— Я должен был догадаться, — корил себя Теодор, пока они с Ди увлеченно вскрывали дверцу второго металлического шкафа. — Иначе откуда бы взялись все эти люди, которых мы видели на сканере?
Я просматривала страницы ежедневника, пытаясь найти хоть что-нибудь полезное или хотя бы понятное.
— Тогда для чего, — Ди поднажал, и дверца почти поддалась, — они утилизировали этих?
— Видимо, сочли безнадежными, — Теодор пожал плечами. — Или это было ради Северного союза. Понимали же, что после речи Фогараши надо делать вид, мол, мы ни при чем. Наверняка после войны они выждали и все же решили проблему с…
— Есть! — воскликнул Ди, и я подняла взгляд от ежедневника.
Они с Теодором наконец открыли шкаф и теперь смотрели на полки.
Совершенно пустые полки.
— А где все? — разочарованно протянул Ди.
Теодор засунул голову в шкаф, проверил руками углы.
— Тут не было бумаг, — сказал он. — Или были не только бумаги. Еще оборудование. Остались следы, где его прикручивали к стене.
Мы помолчали.
— Значит, кто-то сюда все-таки приходил, — озвучила я очевидное.
— Ага, — согласился Ди. — А знаете, что еще это значит? Что это оборудование кому-то понадобилось, чтобы продолжать эксперименты.
— Не обязательно, — быстро возразил Теодор. — Может, его просто сняли после аварии и утилизировали вместе со всем остальным.
— С чем остальным? — спросил Ди с насмешкой. — Вот с этим?
Он пнул сваленные на полу папки, листы разлетелись по кабинету.
— Ну ладно, не все утилизировали. Но это не значит, что эксперименты продолжили после взрыва.

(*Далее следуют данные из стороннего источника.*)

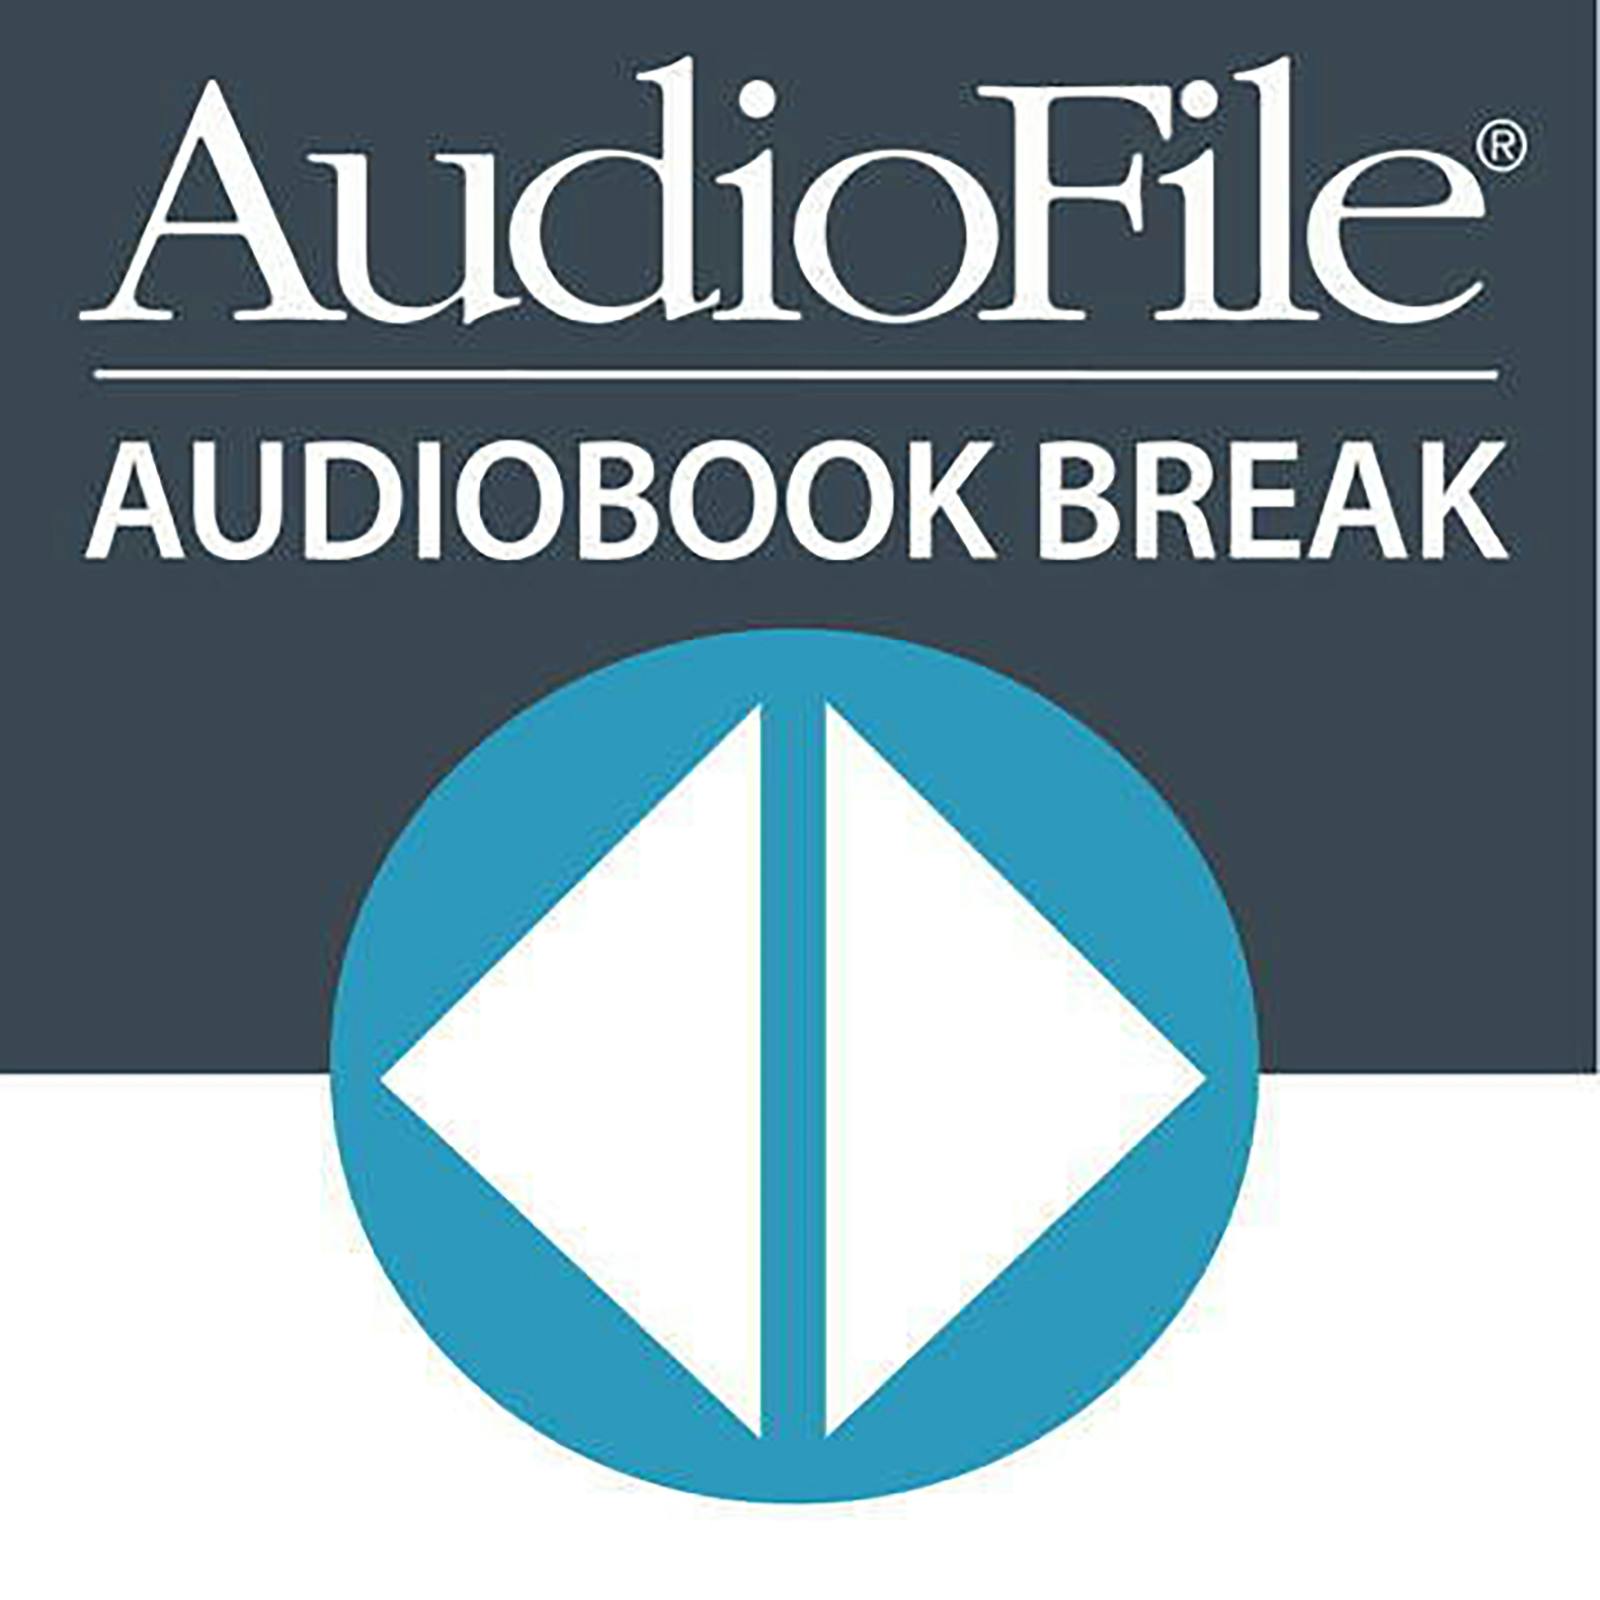 Audiobook Break with AudioFile Magazine

— Скорее, вынесли все важное, все, что можно использовать, — сказала я. — Что мы тут видели? Какое-то сломанное барахло и бумажки. Эта Амелия Лукаш была чокнутая, все записывала, каждое свое шевеление. Вот хотя бы на ее ежедневник посмотри. Она тут год за годом всю свою жизнь описала, эти все протоколы хранила у себя распечатанными. Даже странно, если так подумать — она занималась имплантами, а технике не доверяла. Но все это совершенно точно было и на электронных носителях, поэтому эту тонну бумаги тут бросили — зачем тащить папки, когда все есть на жестком диске, положил в карман и понес. На наше счастье.
— Что ты имеешь в виду? — не понял Теодор.

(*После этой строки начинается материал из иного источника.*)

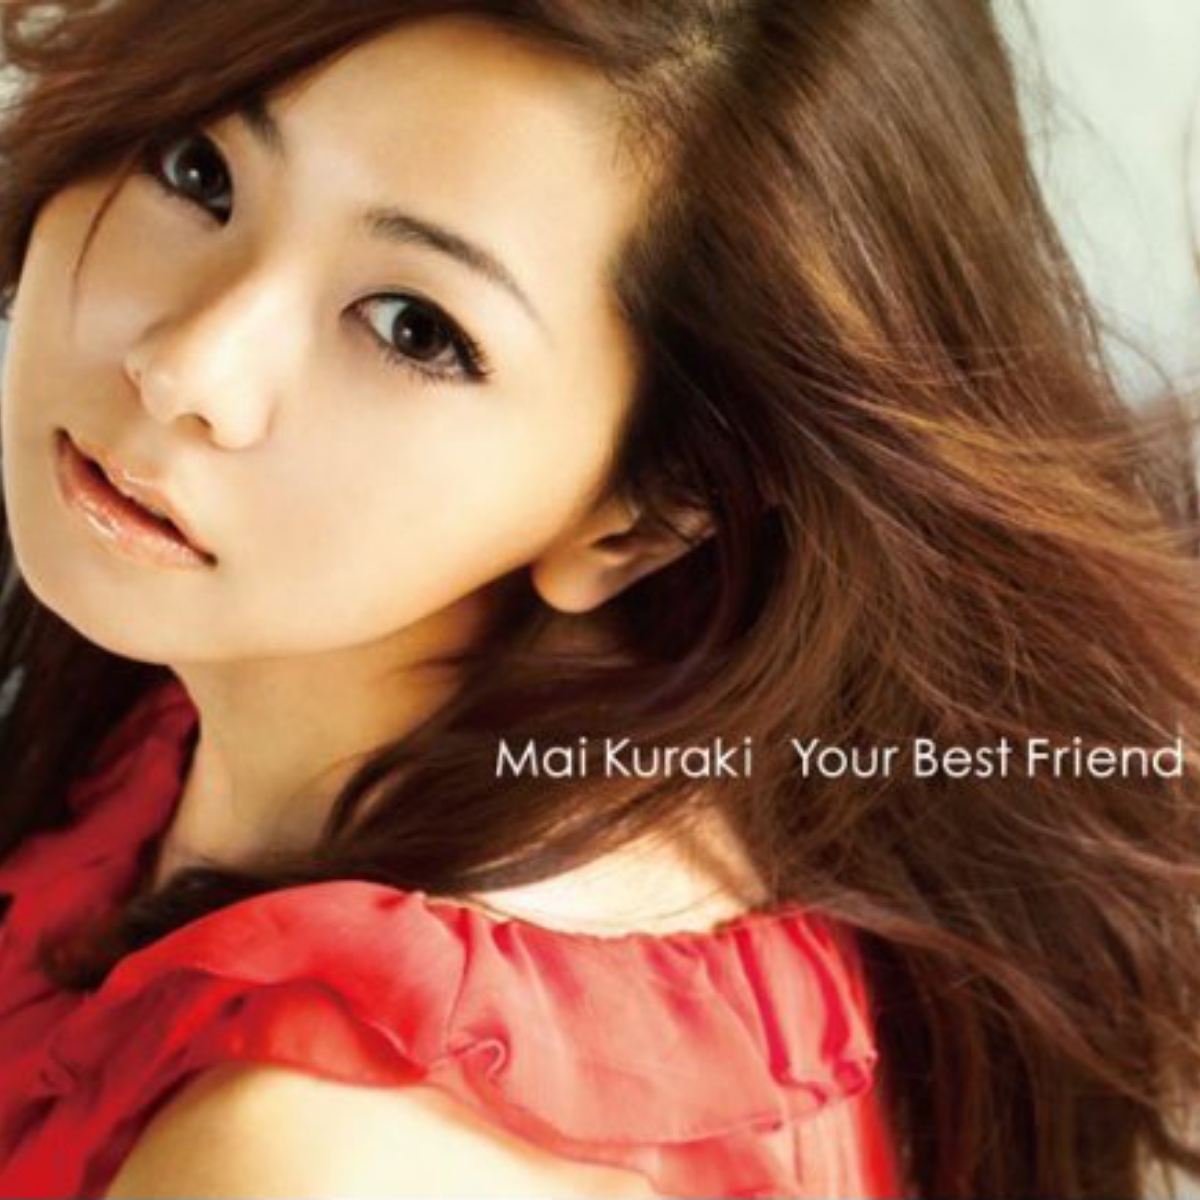 Mai Kuraki - Your Best Friend

— Алло, она все записывала! Что бы ни происходило после войны, она наверняка это записала. Хоть в каком-то виде. Вот эти все штуки, — я заглянула в ежедневник, — «Голос» какой-то, эф-икс сто шестнадцать, все эти номера — это же наверняка люди, которых тут оперировали. Она не могла это не записать, надо только найти.
— Что еще за голос и викс… как ты сказала?

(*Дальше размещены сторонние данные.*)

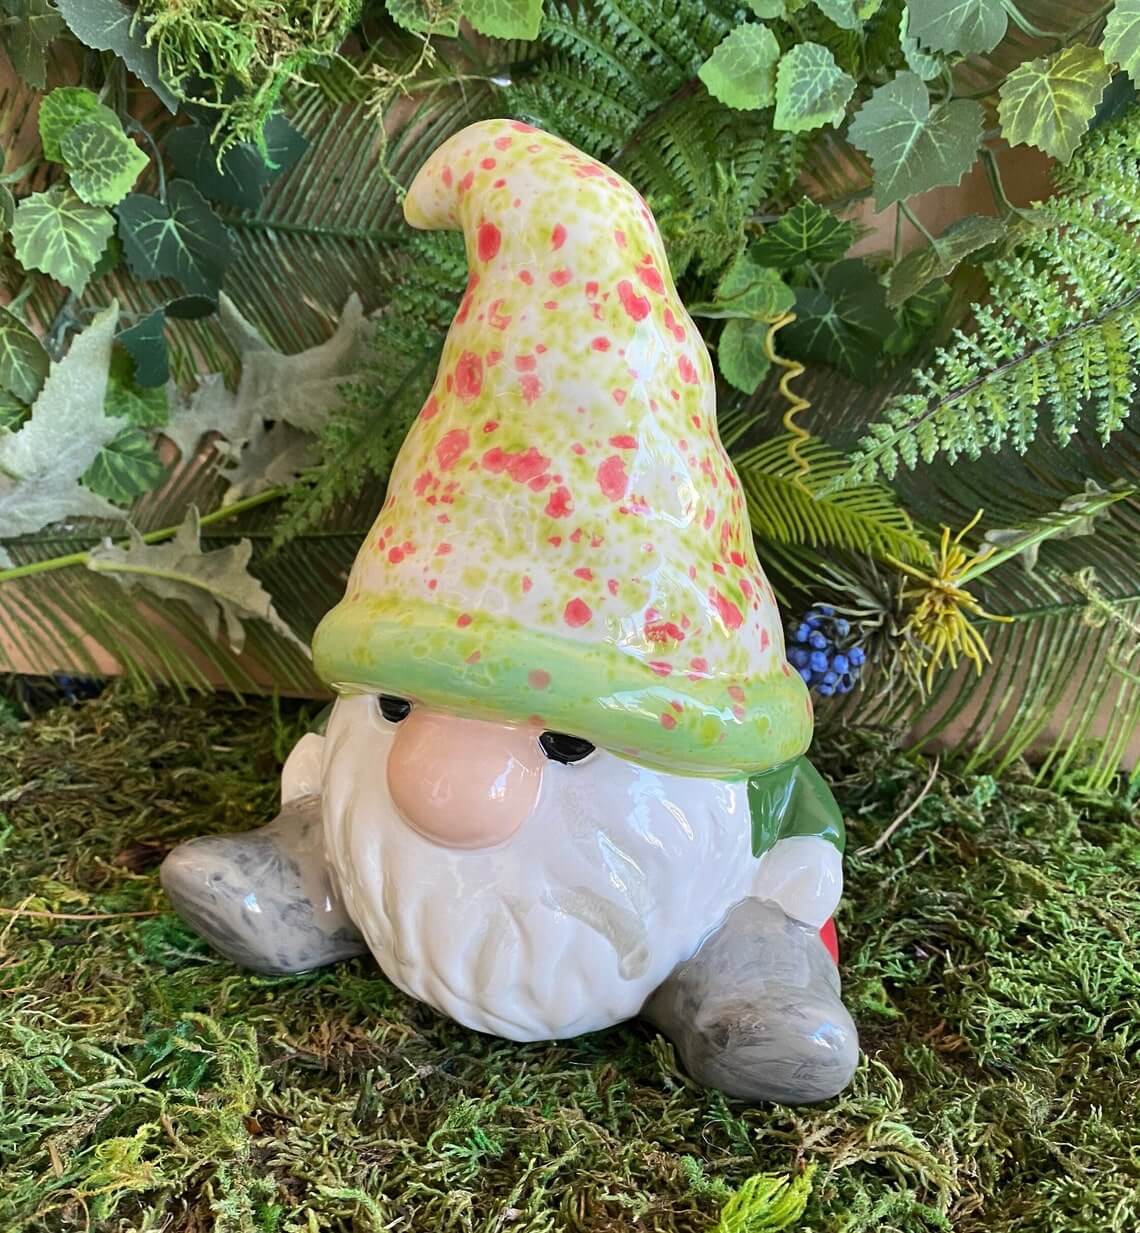 Fantasy Fairy Garden Gnome Outdoor Decoration

— Не знаю, это у нее тут, видишь?
Я открыла первую попавшуюся страницу ближе к концу.
«15 авг. 65 — поставка FX-116 и NGSX. «Голос» для № 131», — было написано среди завитушек, сердечек, инициалов В.Д. и прочей мути.
— «Голос», значит, — прищурился Ди. — Похоже на «Эхо», вам не кажется?
Теодор кивнул, отобрал у меня ежедневник и стал просматривать его сам.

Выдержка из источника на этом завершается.